The function codistributed() creates a distributed array out of local data on each worker. There are a large number of arithmetic operations and functions available for codistributed arrays, such as ‘, +, -, *, /, \, .* , ~=, <, <=, abs(), cos(), sin(), tan(), chol(), eig(), exp(), fft(), find(), log(), lu(), max(), min(), norm(), sqrt(), svd(), swapbytes(), uint8(), uint16(), uint32(), and uint64(), as well as functions for checking the local and global indices of a codistributed array, extracting local portions of a codistributed array, gathering a codistributed array onto one or more workers, and redistributing a codistributed array. There is also support for sparse matrices. In addition to task parallelism and data parallelism, the toolbox also implements commands similar to those used for MPI. For instance, labsend() and labreceive() can be used to send information between workers, and labindex can be used to check each worker’s index or rank. 2.4. gridMathematica gridMathematica is the official parallel package for Mathematica. This package uses the standard Mathematica interactive front-end, and the back-end is composed of Mathematica kernels running on a computing resource. The kernels can be managed using a batch system such as LSF or PBS.

411

gridMathematica has several functions for generating or evaluating data in parallel, for instance ParallelMap[f, expr], which applies the function f to each element in expr; ParallelTable[expr, {i, imin, imax}], which generates a list of the values of expr as i runs from imin to imax;; Parallelize[expr] which attempts to evaluate expr using automatic parallelization; and ParallelEvaluate[expr], which evaluates expr on all kernels, to name a few. There are also functions for checking the number of kernels, the id of each kernel, and sharing variables among kernels. 2.5. IPython IPython is an open source parallel computing package for Python. It consists of an interactive front-end and back-end processes or “engines.” These are coordinated by a “controller.” IPython can be modified to work with a batch system such as PBS or LSF. At the time the benchmarks were coded, IPython had a relatively small number of commands: push() and pull()for transferring data between the front-end and back-end; push_function() and pull_function() for transferring functions; and execute() for executing a command on the engines, to name a few. However, IPython is still in development, and new features and functions are being added. 3. Results We have coded and run four of the HPC Challenge benchmarks—FFT, HPL, RandomAccess, and STREAM—according to the Class 2 specifications using each of the preceding parallel HLL extensions.

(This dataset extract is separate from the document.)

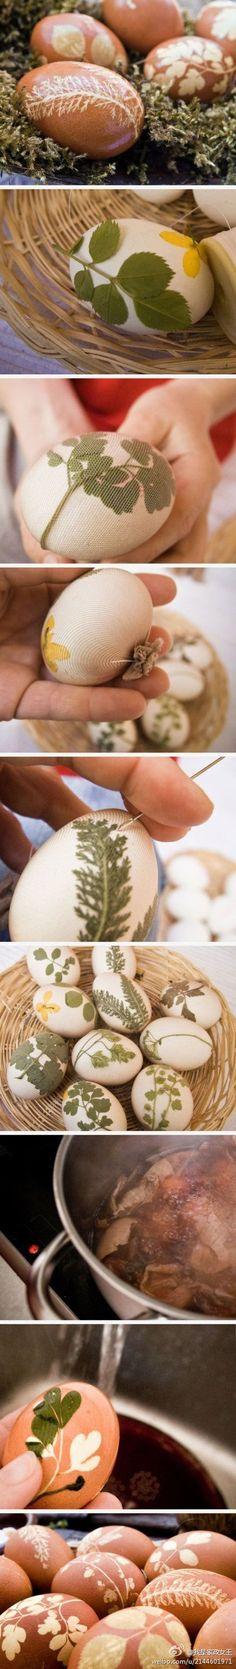 pretty prints on eggs

These benchmarks were run on The Ohio Supercomputer Center’s (OSC’s) IBM Cluster 1350, “Glenn,” and several DoD systems—“MJM,” “Eagle,” and “Babbage.” The HPC Challenge benchmarks as coded in C were also run on Glenn for comparison purposes. Problem sizes were generally selected to match the Class 2 specifications: at least a quarter of system memory for FFT, less than or equal to half of system memory for RandomAccess, and

at least a quarter of system memory for STREAM. An exception is HPL. The main HPL matrix was set to use a quarter of system memory instead of half, since all the packages require a copy of this matrix. There are some important implementation details to note. First, STREAM results are the average of several triad iterations, not the specified maximum. Next, RandomAccess is restricted to the specified maximum of 1,024 64-bit doubles in the look-ahead buffer. Because data passes through the front-end in Star-P, IPython, and gridMathematica, we restricted the look-ahead buffer to 1,024 on the front-end, as opposed to a 1,024 look-ahead on each process. Finally, FFT sizes are powers of 2. A variety of configuration, security, compatibility, and other issues prevented us from fully running all the benchmarks. Available results are given here. The IPython and gridMathematica benchmarks were run at a much lower capacity and could be improved. Thus, preliminary results for these HLLs are given separately. Each benchmark was timed for a certain number of “runs” or submissions of the main benchmark program. These results were used to derive minimum, median, and maximum results for each benchmark. STREAM, FFT, and HPL also had a number of internal “iterations” or repetitions of the main benchmark operation that were used to obtain an average time. Also, note that pMatlab can be run with MATLAB or Octave and on top of either MatlabMPI or bcMPI, OSC’s implementation of MatlabMPI. Whereas MatlabMPI uses file I/O for transferring data between processes, bcMPI uses C message passing libraries. Table 1, Table 2, Table 3, and Table 4 show results for FFT, HPL, RandomAccess, and STREAM, respectively. Table 5 shows results for the C benchmarks on Glenn. For these benchmarks, grid sizes were roughly square, and the block size was set to 64. FFT used a quarter of system memory, HPL used half of system memory, RandomAccess used less than or equal to half of system memory, and STREAM used about half of system memory. Exceptions include the 16 and 64 CPU cases. In these two cases HPL, RandomAccess, and FFT used half of the aforementioned system memory.

412

Table 1. FFT benchmark results in GFlops. Minimum, median, and maximum values based on five runs. Results are the average of five internal iterations for each benchmark, except results for bcMPI/MatlabMPI, which were

based on three runs with five iterations each.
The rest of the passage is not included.